I can also confirm that I'm having this issue (and when I look, back, I think that I've always had it for the last few years). It appears both when using TBSync, but also when syncing the calendars directly without extensions. It might be related to #267 that I opened some time ago. Like the others have said, every write to etesync-dav takes about 10 secs, so the thunderbird UI blocks (e.g. if you dismiss a reminder, if you create or move an event, if you accept a calendar invitation, it's kind of a usability killer). Here's an example log line from me dismissing a reminder:

[2022-07-25 14:51:18 +0300] [87523/Thread-1412] [INFO] REPORT response status for '/XXX/' with depth '1' in 9.119 seconds: 207 Multi-Status. I also noticed that the etesync-dav process uses ~100% of the CPU while it's processing such a request (and I've got modern hardware).

Similarly to @Peter4487, etesync-dav --version returns 0.31.2 but radicale 3.0.3 . I'm using the mac binary.

Peter4487 commented 1 year ago

@tasn Is it possible to get some clarity on whether there is or will be work on this issue? I really appreciate your time spent on the project and know you have a lot to do in life, so no hard feelings either way. I would appreciate some clarity, though, because it's getting to be time to look for a new solution.

tasn commented 1 year ago

@Peter4487, I honestly don't know. I can potentially try towards the end of next week, but hard to commit. :(

tasn commented 1 year ago

Sorry, clicked send too soon: the main problem is, that it's an issue with Thunderbird, not with EteSync. Well, EteSync could do better, but Thunderbird definitely shouldn't be blocking the UI on this. Even if EteSync makes everything super fast, there's still the limit of the speed of light which means a hang of X seconds will happen anyway depending on how far you are from the server.
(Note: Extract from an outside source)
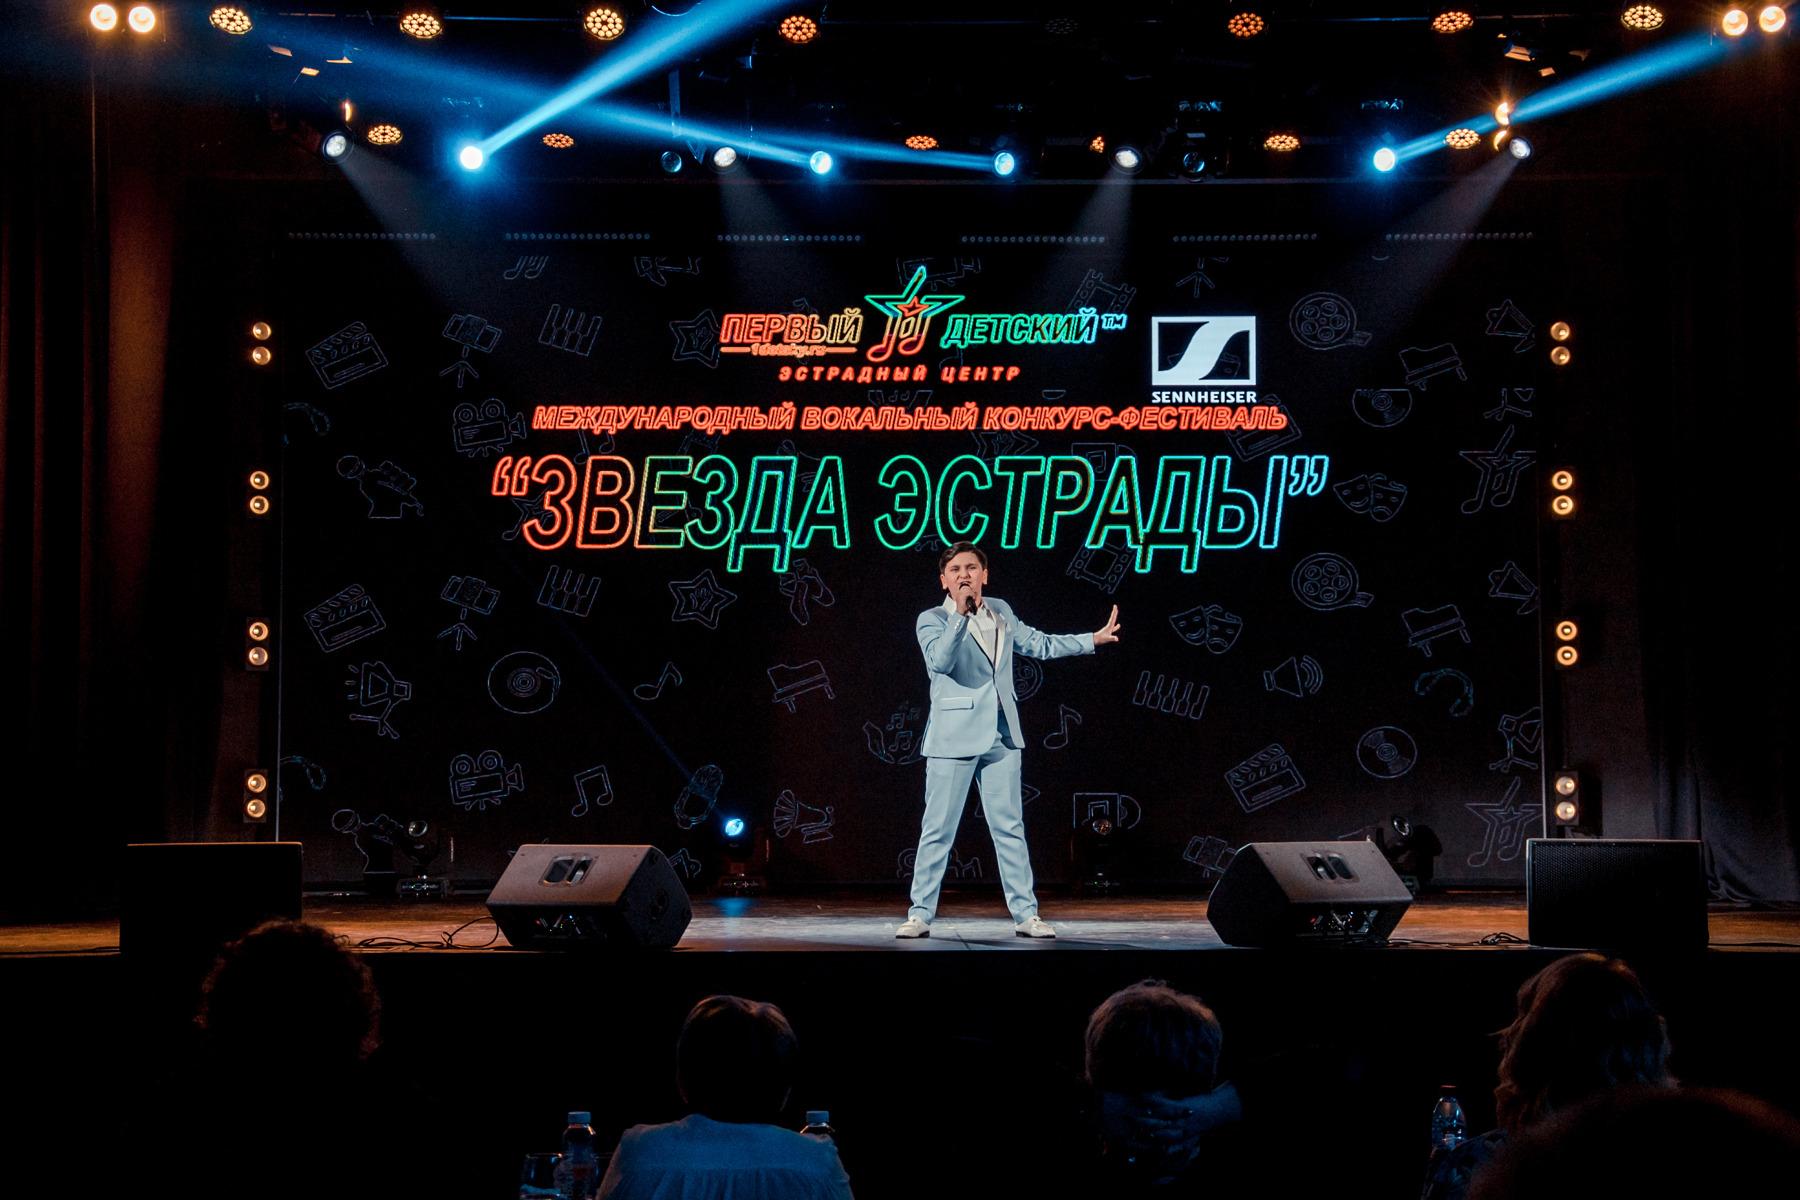 Международный Вокальный Конкурс-Фестиваль «ЗВЕЗДА ЭСТРАДЫ» при поддержке Sennheiser

I really wish Thunderbird would just fix the thing. :(

Peter4487 commented 1 year ago

@tasn could you point us to the blocking Thunderbird issue?

BlueDrink9 commented 1 year ago

I thought that the current tb model was supposed to sync everything local-only, and etesync-dav would then have eventual consistency with the etesync main server. Is that process not quite so transparent to thunderbird?